Now go one step further. Consider if you wouldn’t secretly like to be one of those freeloading, lazy slackers. Oh! This is hard.

Wait…give me a minute…would I like to sometimes be lazy, laze around and let others do my work? Oh, Universe, forgive me but… err, ah, gosh, I… I… would. Lord, have mercy, but it pains me to admit this.

Now we are getting somewhere.

Look again. What’s good about being a hard worker? approval of others? Really? Well, maybe, probably even, but is it worth it? Really worth it? You may have needed those “at-a-girls” and “at-a-boys” when you were growing up, but do you need them now? Really? Wouldn’t you rather have some fun? Wouldn’t you rather be a little lazy? Wouldn’t you rather relax a bit? Oh come on, admit it. Isn’t the idea starting to feel a little good?

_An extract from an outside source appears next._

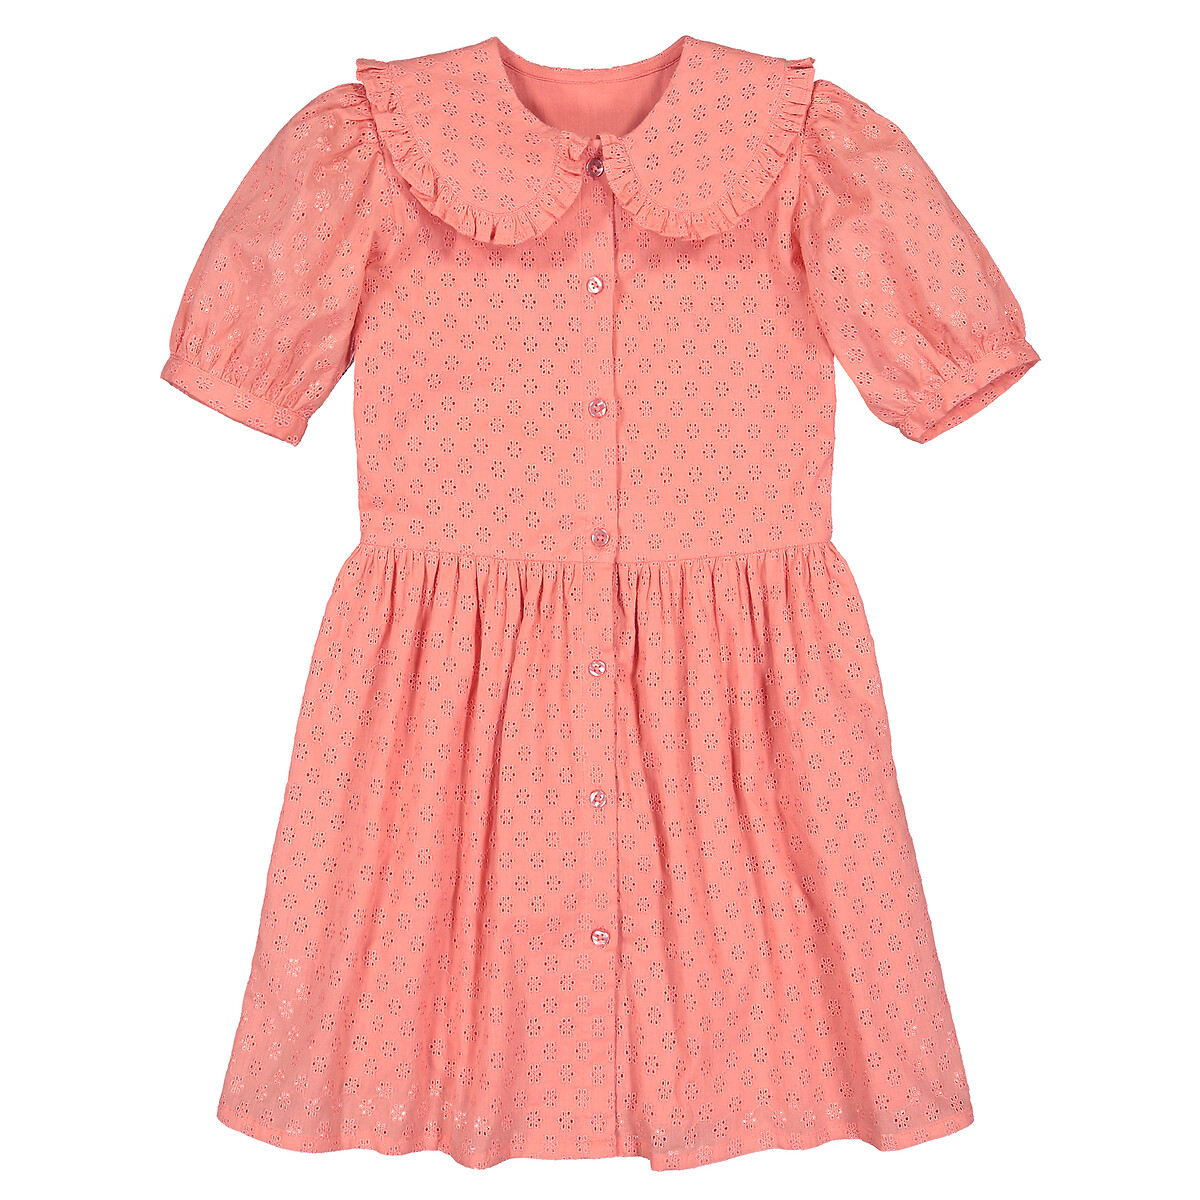 New La Redoute abcd R Powder Pink Cotton Swishy Dress Gold detail Age 4 yrs

Now here’s the real kicker. If you are going to change your modus operandi, you have to do it in small steps, sometimes small. Big steps, quick steps, like the proverbial “hare”, result in swings of the pendulum that take you back to the starting point. When it comes to changing yourself, the tortoise wins the day.

What’s wrong with the Protestant work ethic? Nothing, unless it’s all you know.